His service brought him for a time to Colorado, where he met his future wife and mother of Griffin III, Jackie.
The couple moved together as Robert's service moved him, eventually settling down in Japan following his retirement.
Robert Griffin III was born in Japan on February 12, 1990.
His early years saw him move to Tacoma, Washington, then New Orleans, until finally settling into Copperas Cove, Texas, in 1997, when Robert was seven.
Griffin III didn't just play football. As a matter of fact, he starred in basketball and track in high school.
His athleticism was apparent on the football field, as was his intelligence and decision making. As quarterback during his junior and senior years of high school, combined, he threw only nine interceptions, to go with 41 touchdown passes.
Robert knows not just how to win, but how it feels to lose. He led Copperas Cove High School to the Texas 4A Divsion I championship game, and lost. The bitter, sour taste of such a loss stays with an athlete. It is a taste that only gets washed away through redemption, by succeeding, by winning.

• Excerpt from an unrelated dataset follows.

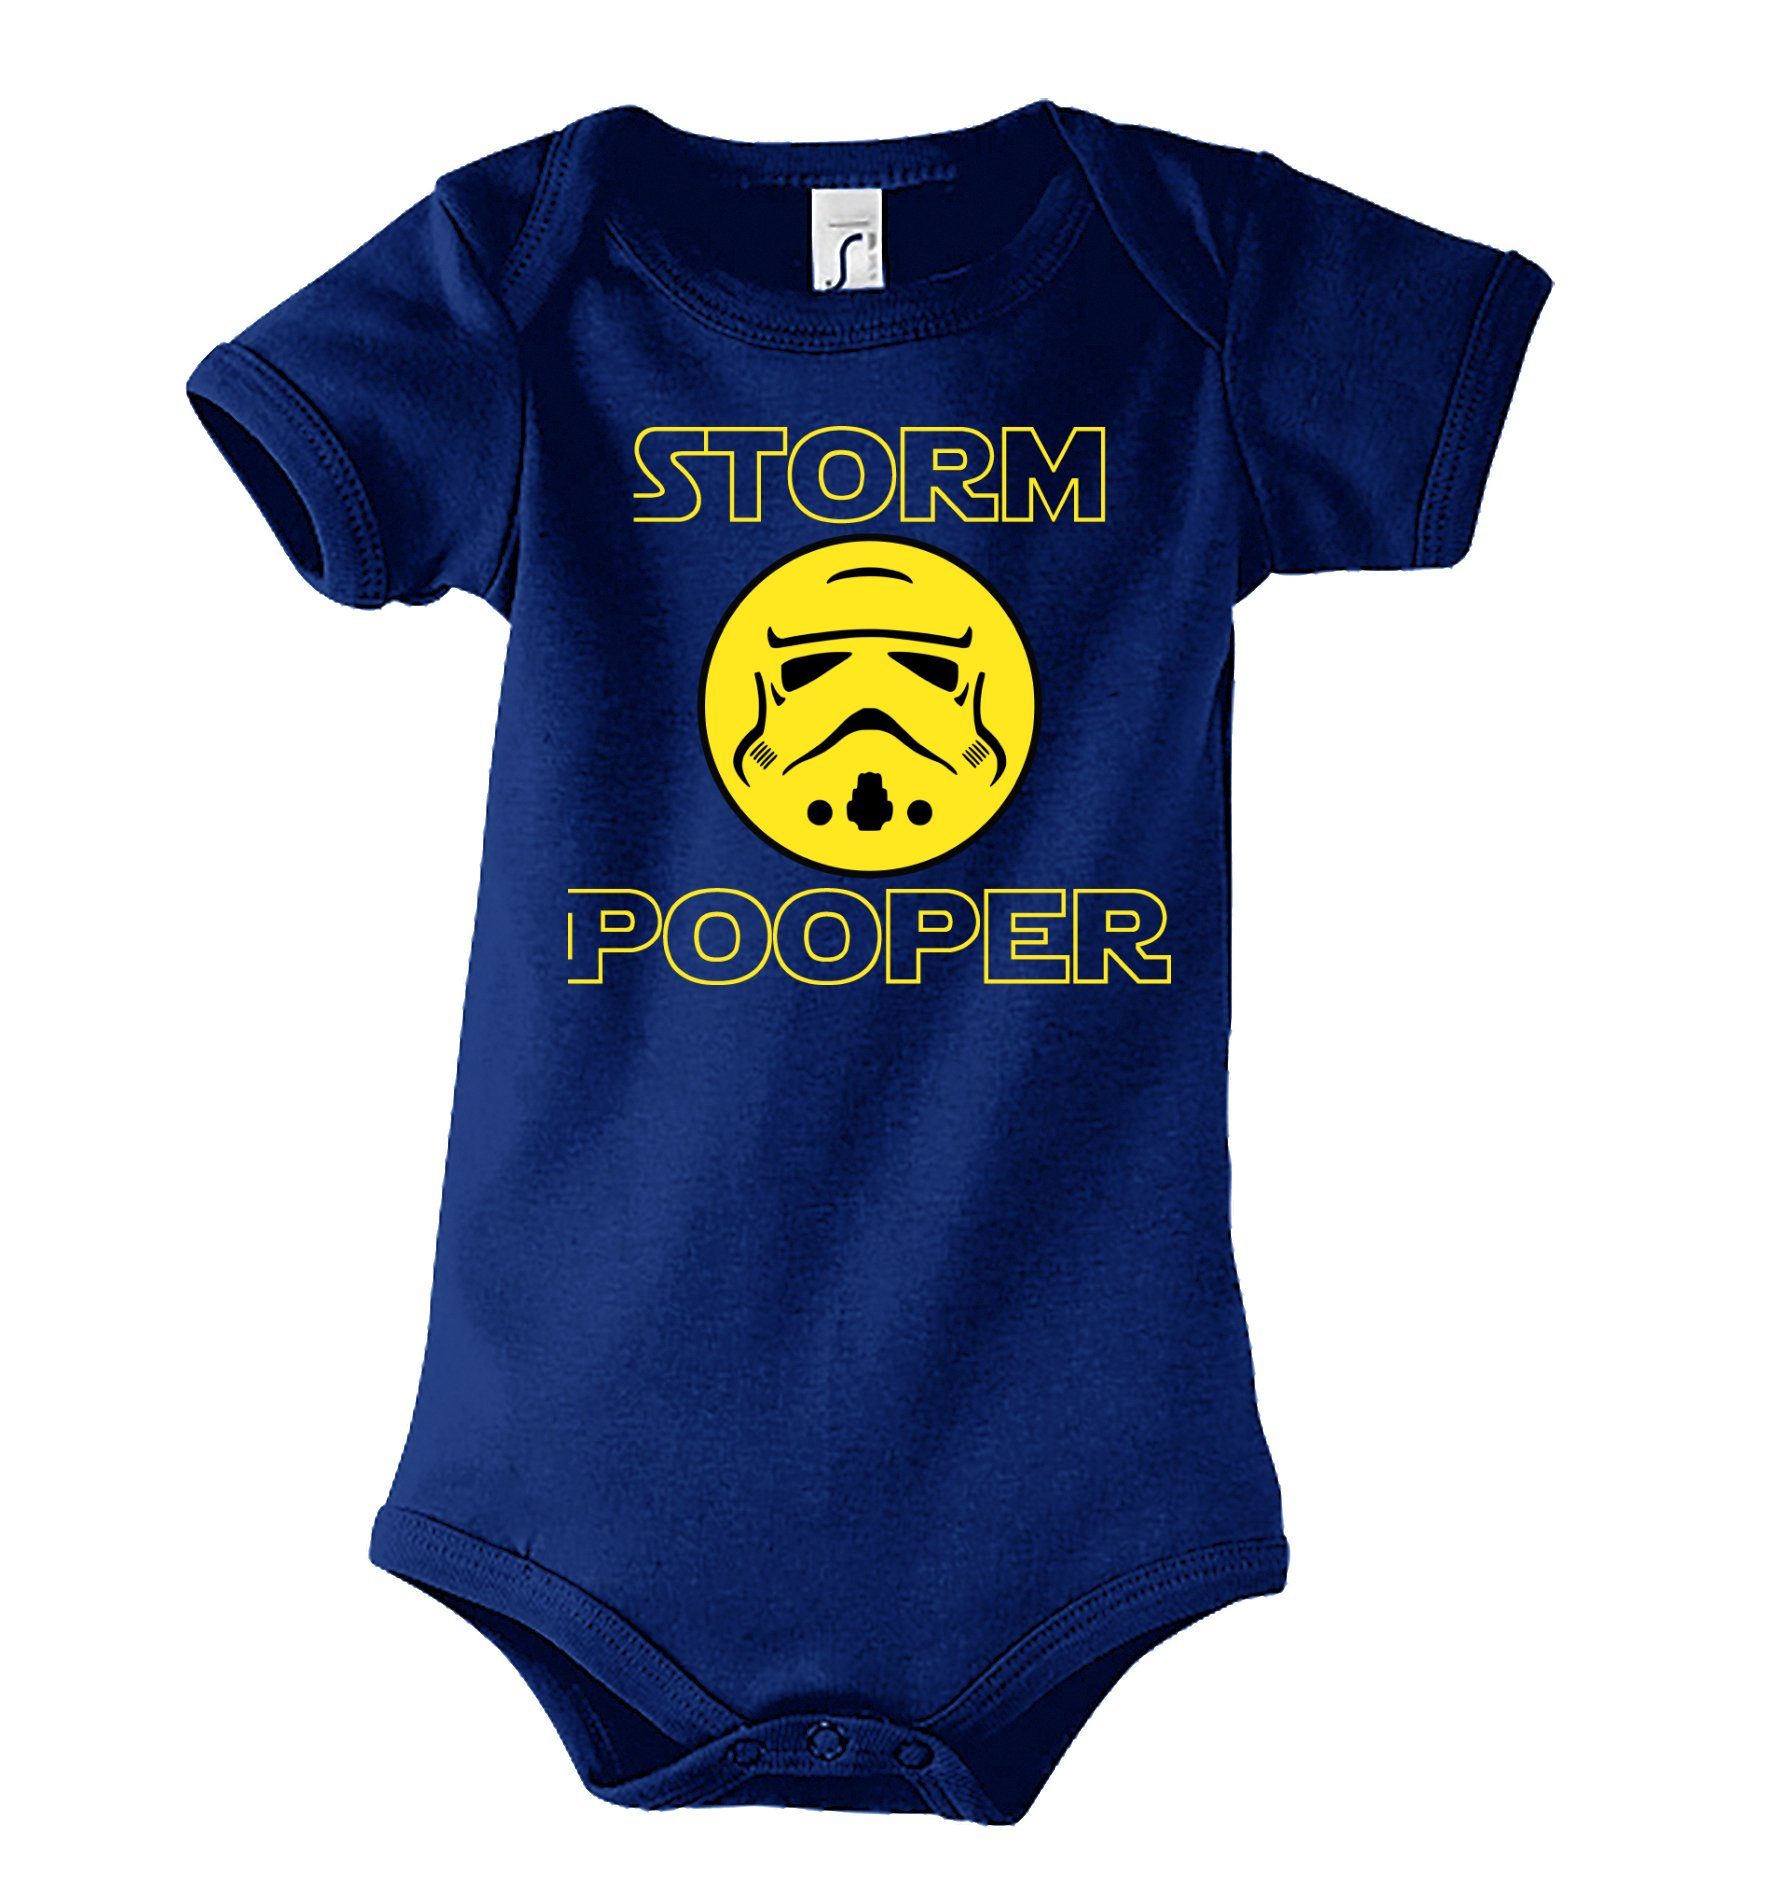 Youth Designz Kurzarmbody Storm Pooper mit & Strampler Logo Navyblau Body Spruch Print Kurzarm lustigem Baby Trooper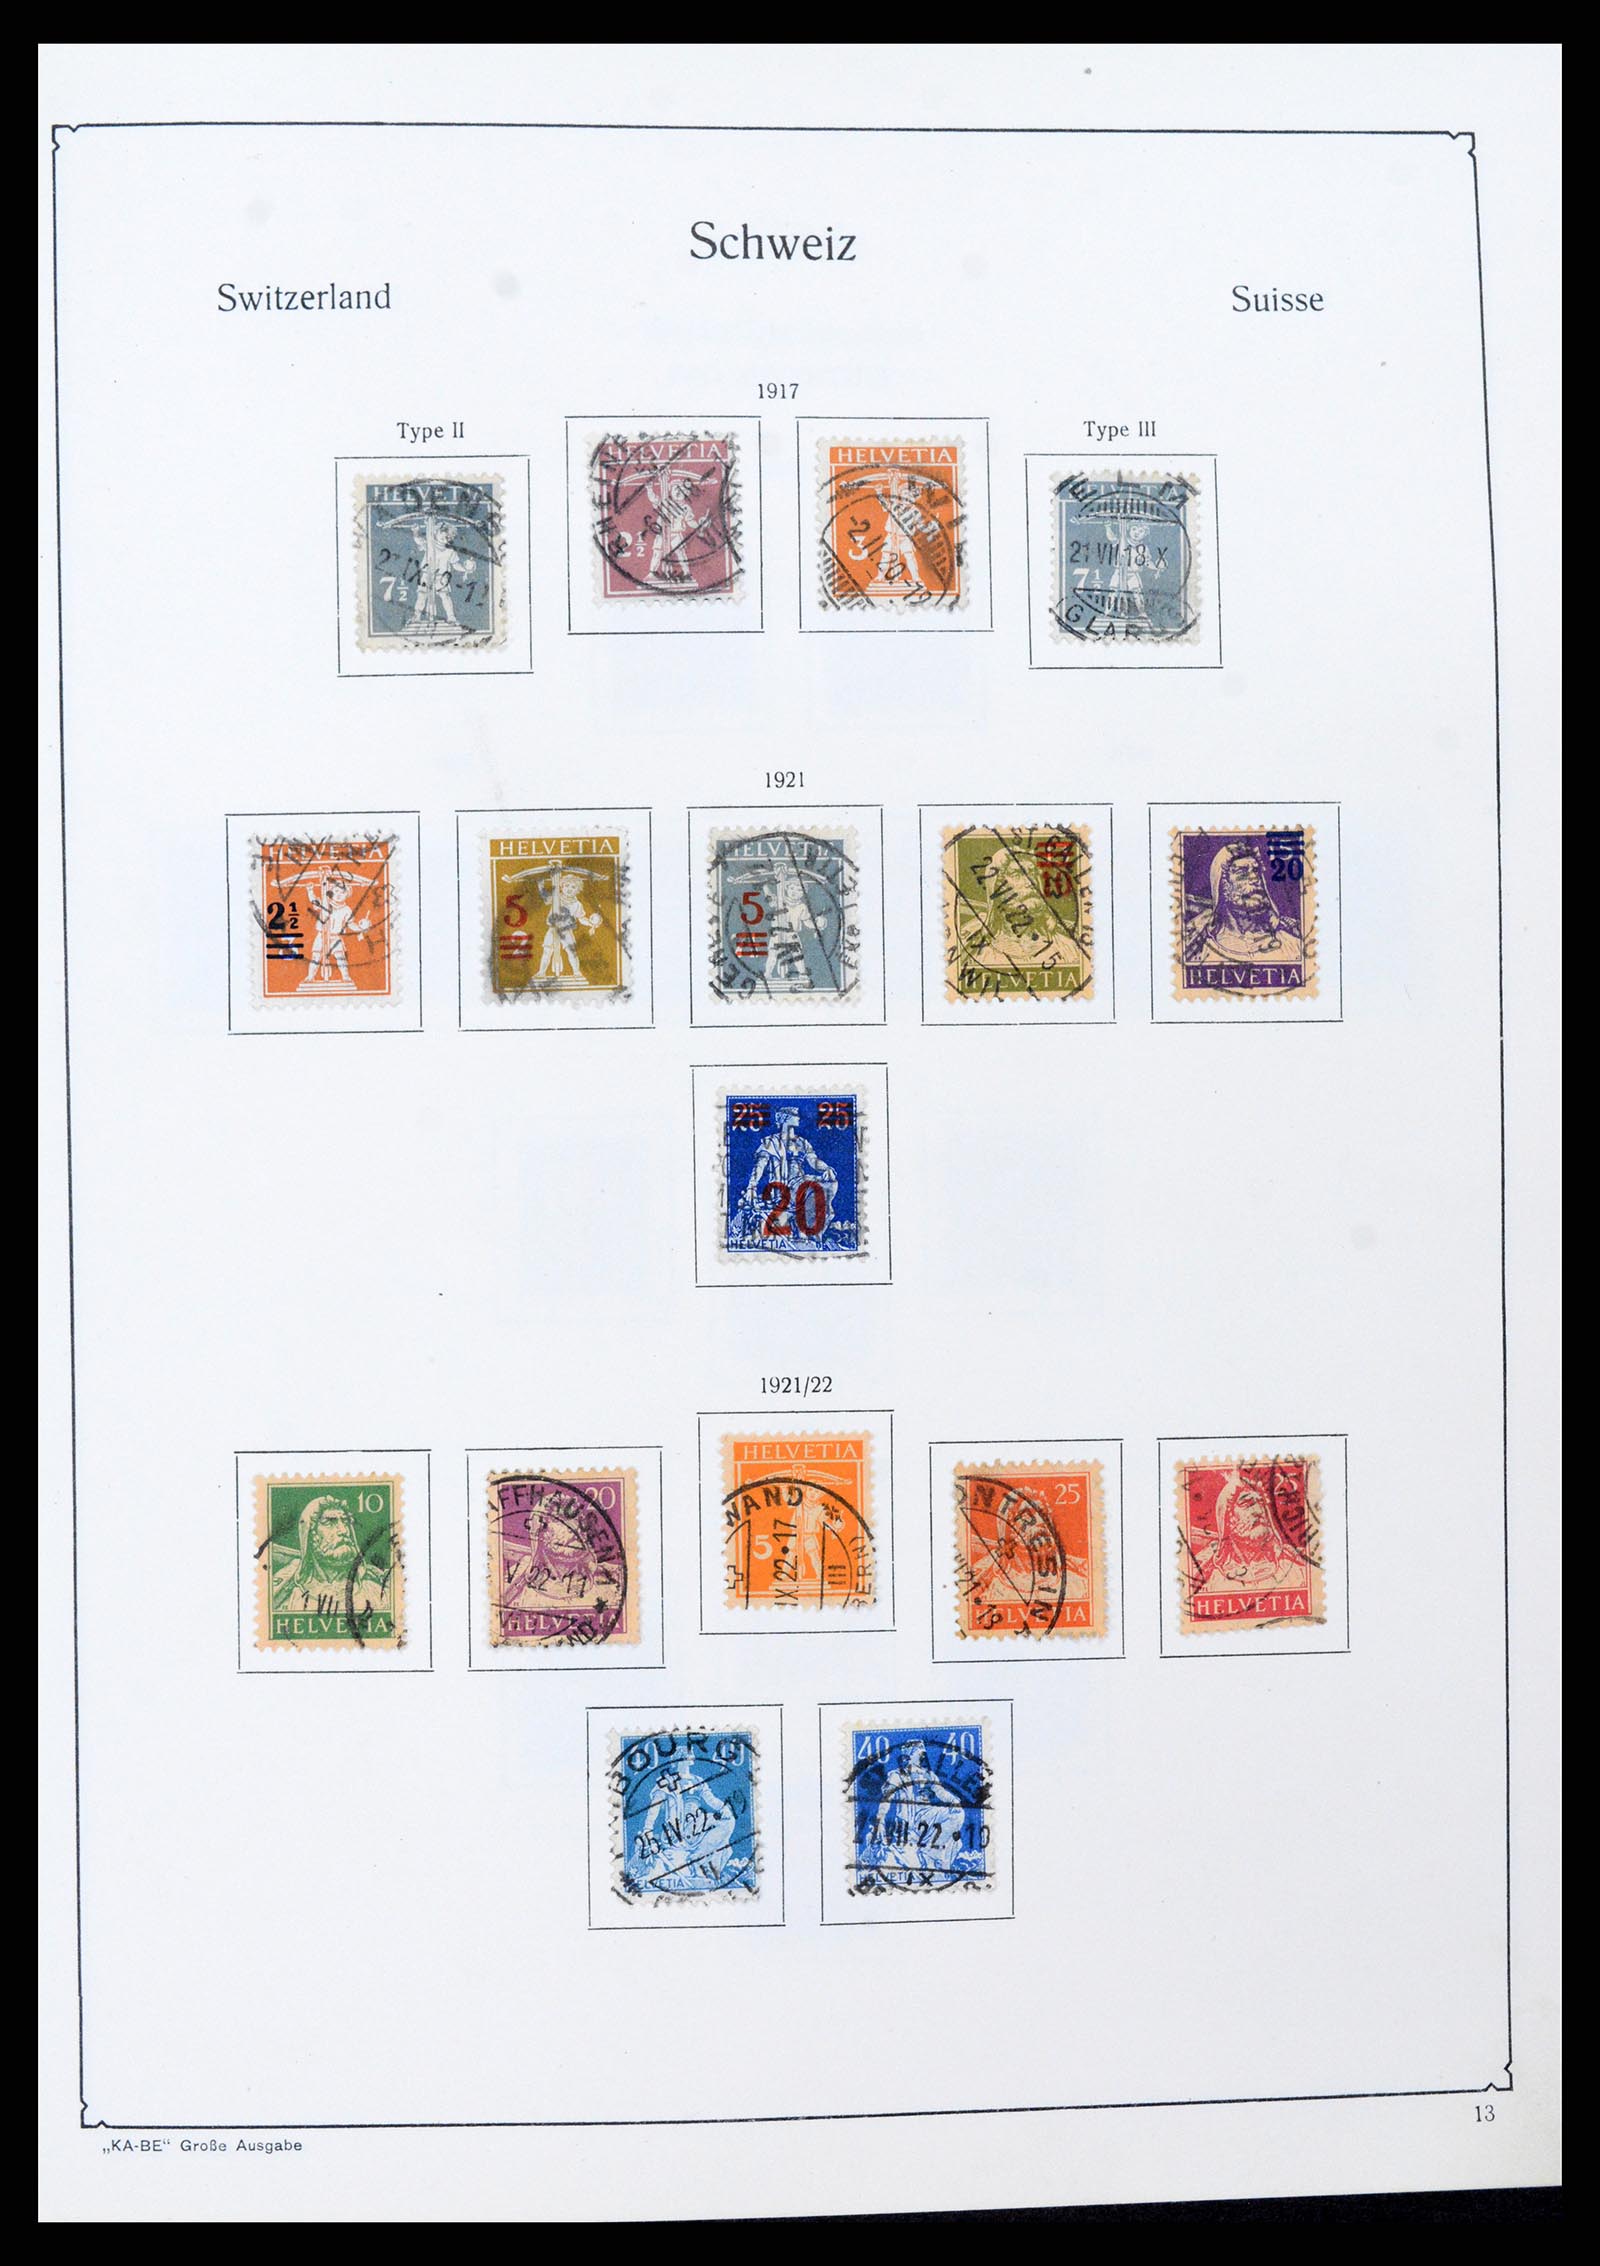 37588 012 - Stamp collection 37588 Switzerland 1854-1974.

Griffin III no doubt had that taste in his mouth when he committed to Baylor to play quarterback. He knew what he was getting himself into by going there. Many "big time" football programs had pursued him out of high school. You may have heard of one of them.
A college called Stanford, perhaps?
How may history have been different, I wonder, if he'd gone all in on going to Stanford? Would Andrew Luck be where he is now? Well, that's a discussion for another time.
Baylor wasn't considered a particularly strong football program. Griffin III's first two seasons, 2008 and 2009, Baylor went 4-8. He had to watch most of 2010 following a serious injury to his ACL. Then came the awakening.
That 2011 season at Baylor, the one that put Griffin III on the map. The year he led the Baylor Bears to their first bowl game and bowl game victory in years. The year he blew people's minds with his amazing quarterbacking, both by passing and by running.
The year he won the Heisman.
But that bad taste in his mouth still lingers. Now it's the Washington Redskins' turn to experience the magic of Griffin III.
He wowed the socks off of the football world in New Orleans in his debut. With time, he'll be wowing the commissioner up on that stage, taking hold of the Vince Lombardi Trophy, having FINALLY won that championship he's desired all these years.